[Dataset excerpts]
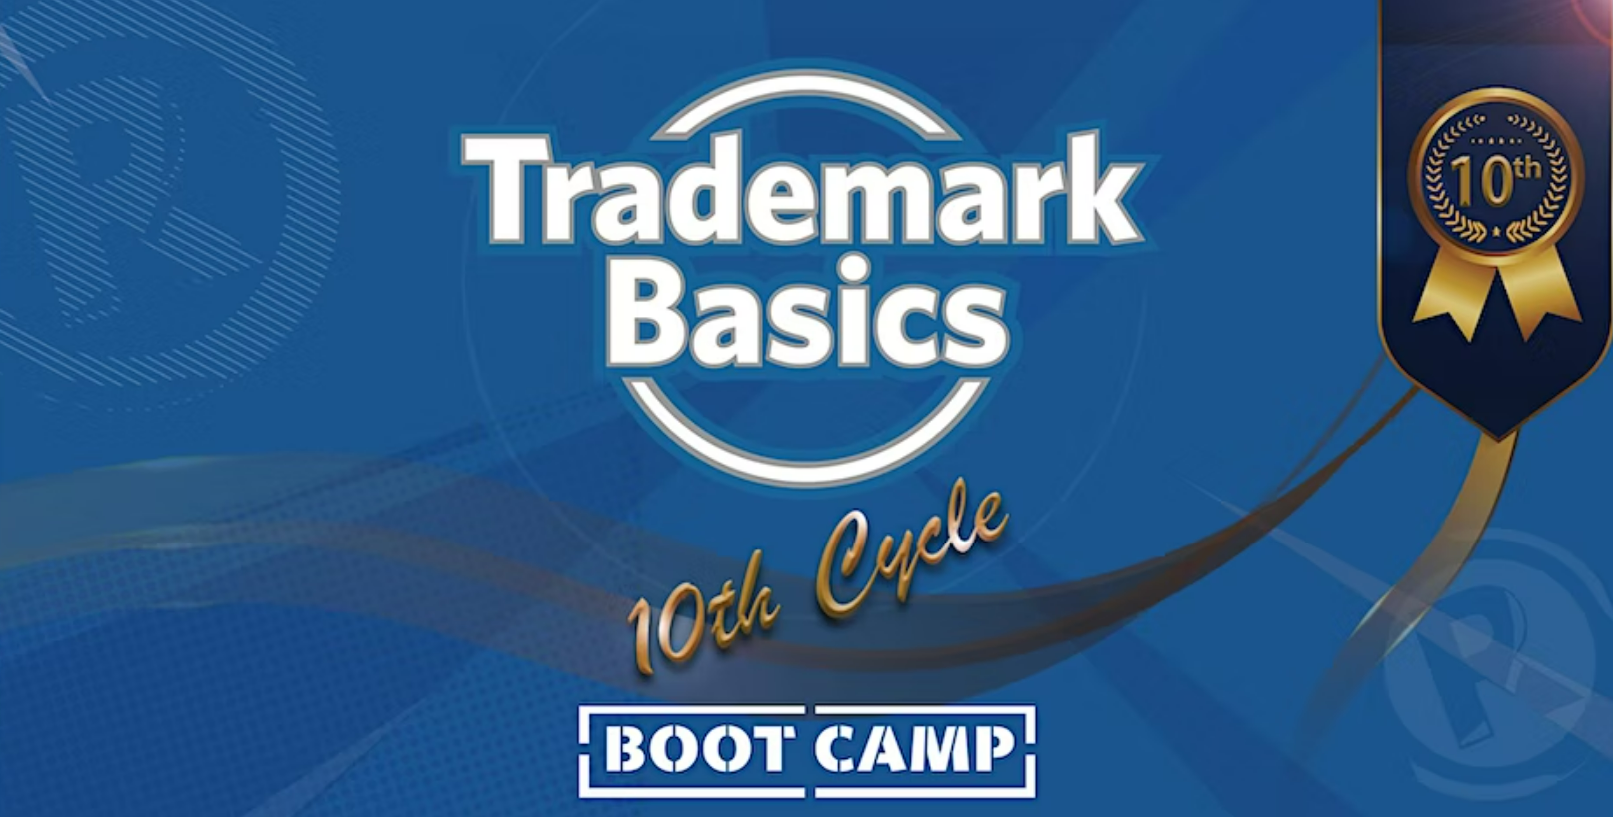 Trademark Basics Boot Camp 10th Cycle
[/Dataset excerpts]
[Dataset excerpts]
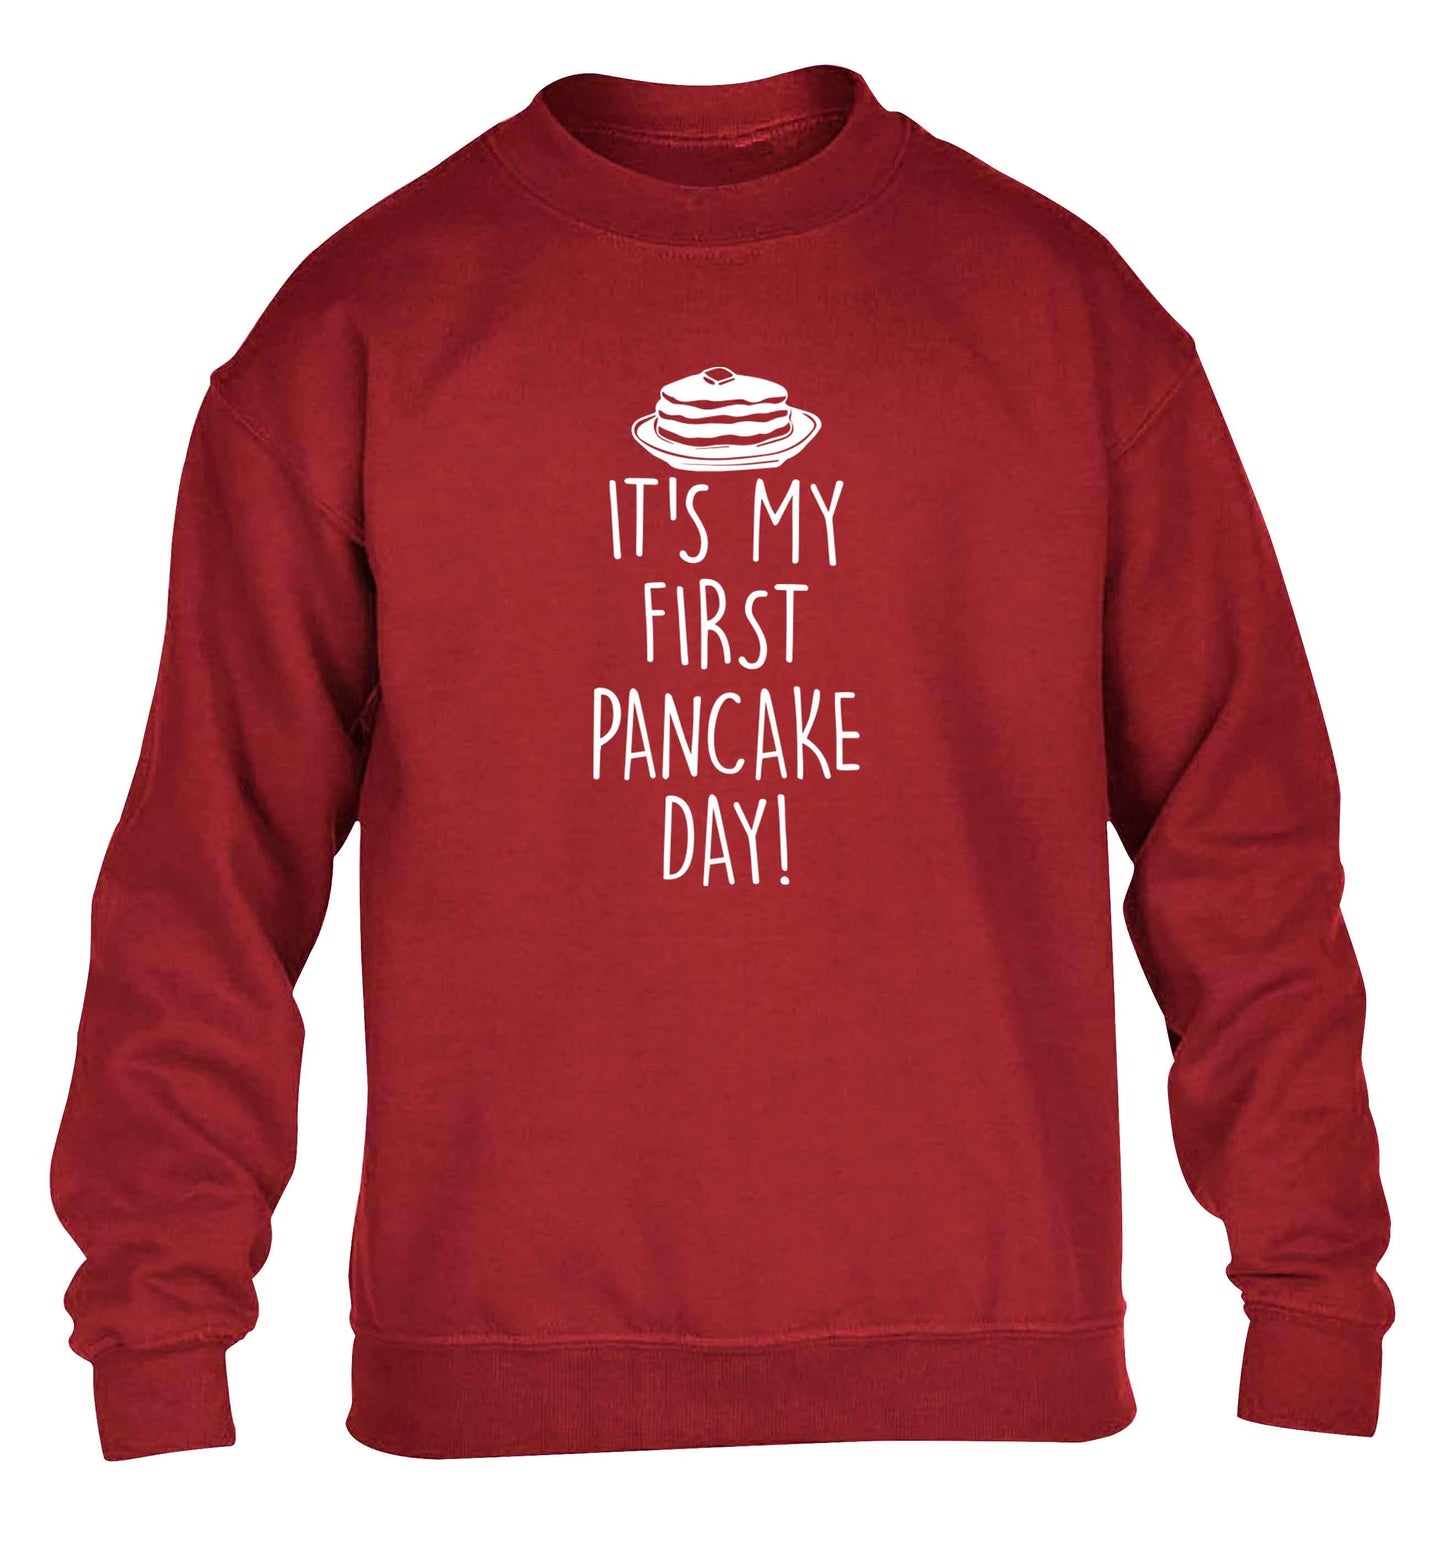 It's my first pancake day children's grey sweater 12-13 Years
[/Dataset excerpts]
[Dataset excerpts]
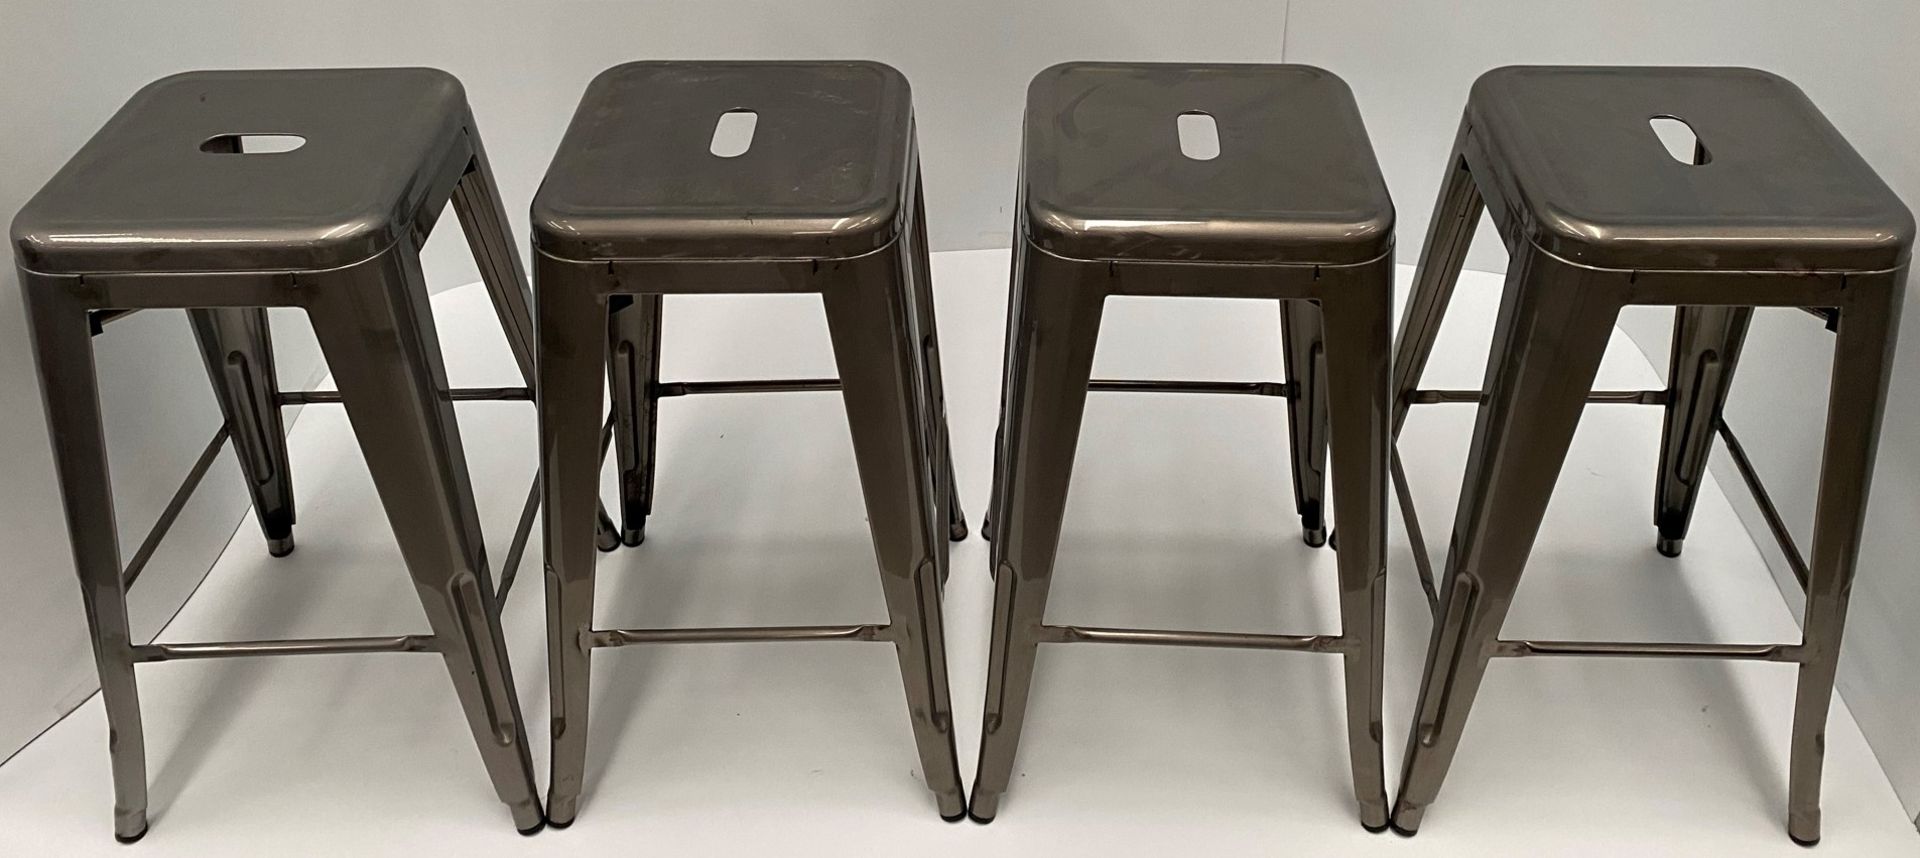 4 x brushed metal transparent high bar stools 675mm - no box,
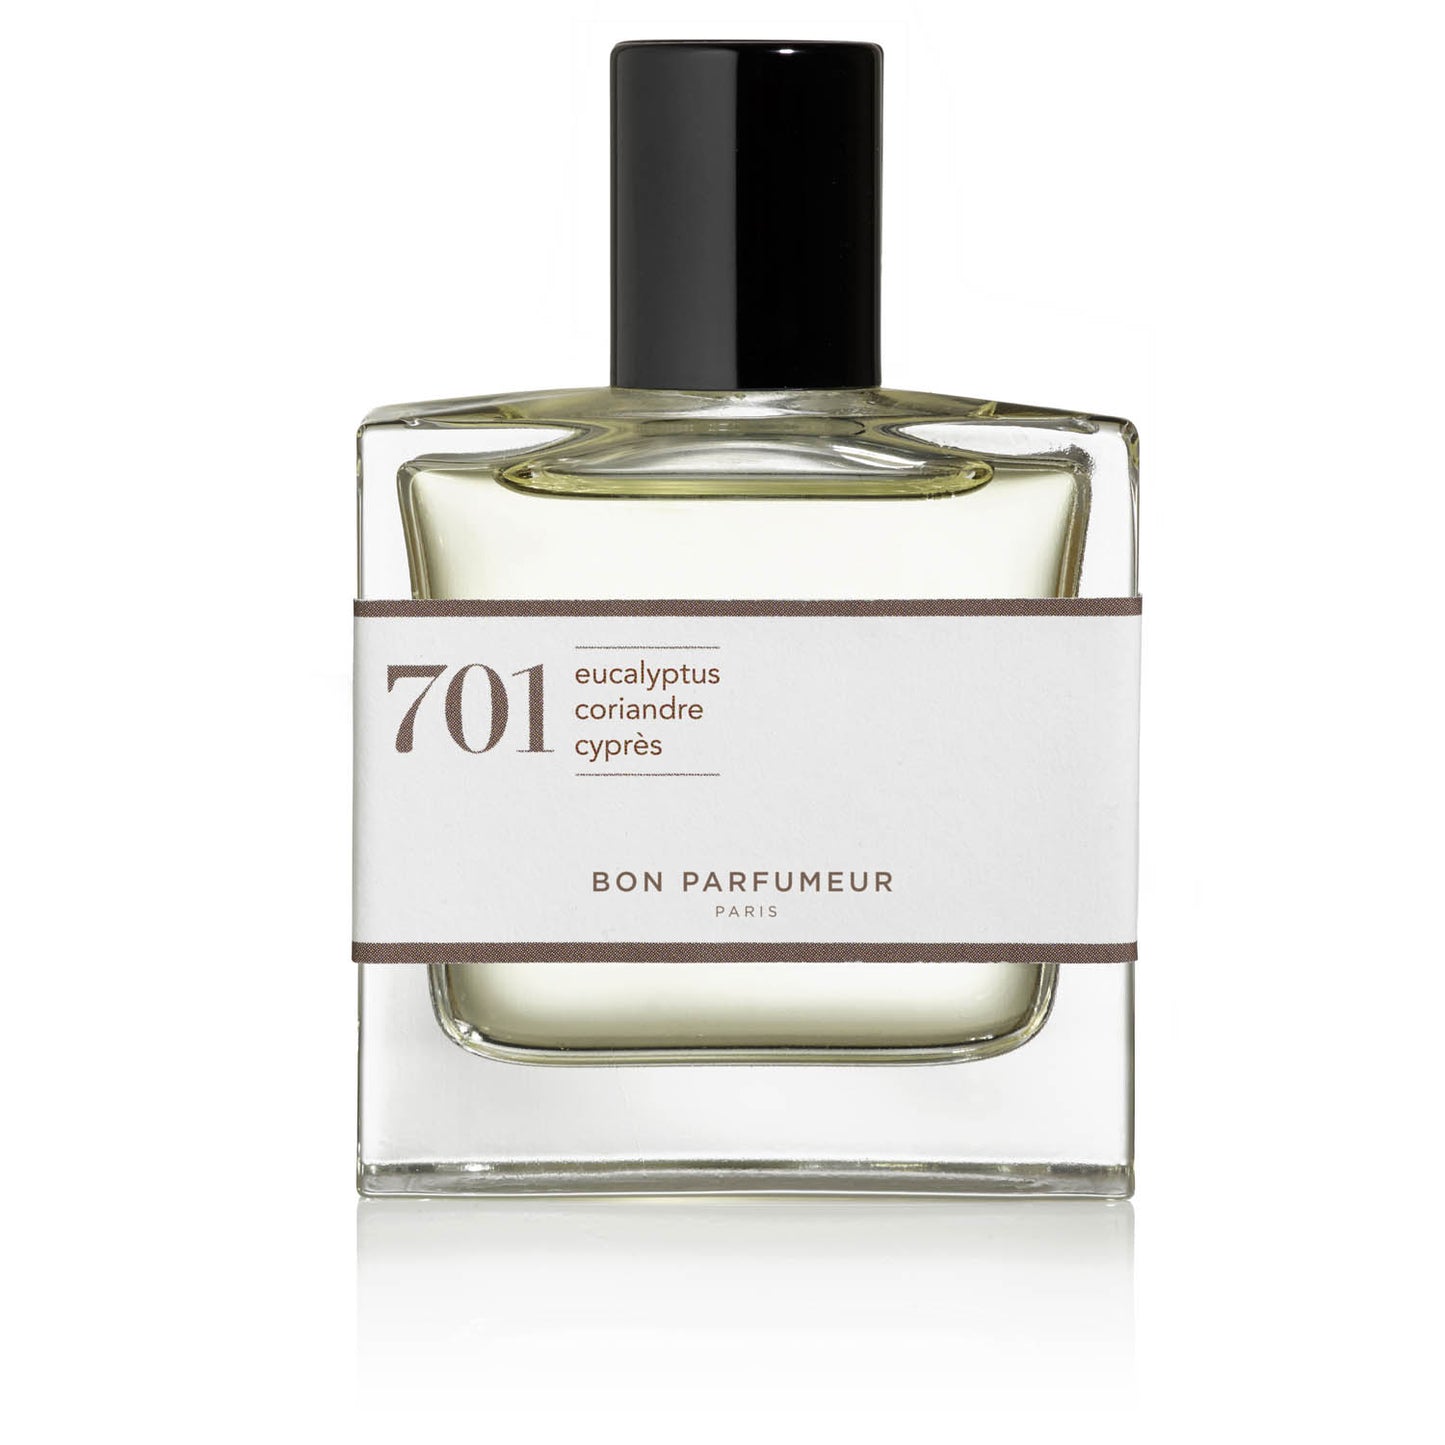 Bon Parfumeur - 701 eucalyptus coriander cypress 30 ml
[/Dataset excerpts]
Among the records above, locate the line containing "4 x brushed" and the line containing "Bon Parfumeur - 701", then transcribe exactly the lines starting at the first and ending at the second, with no pictures.

 4 x brushed metal transparent high bar stools 675mm - no box,
 Bon Parfumeur - 701 eucalyptus coriander cypress 30 ml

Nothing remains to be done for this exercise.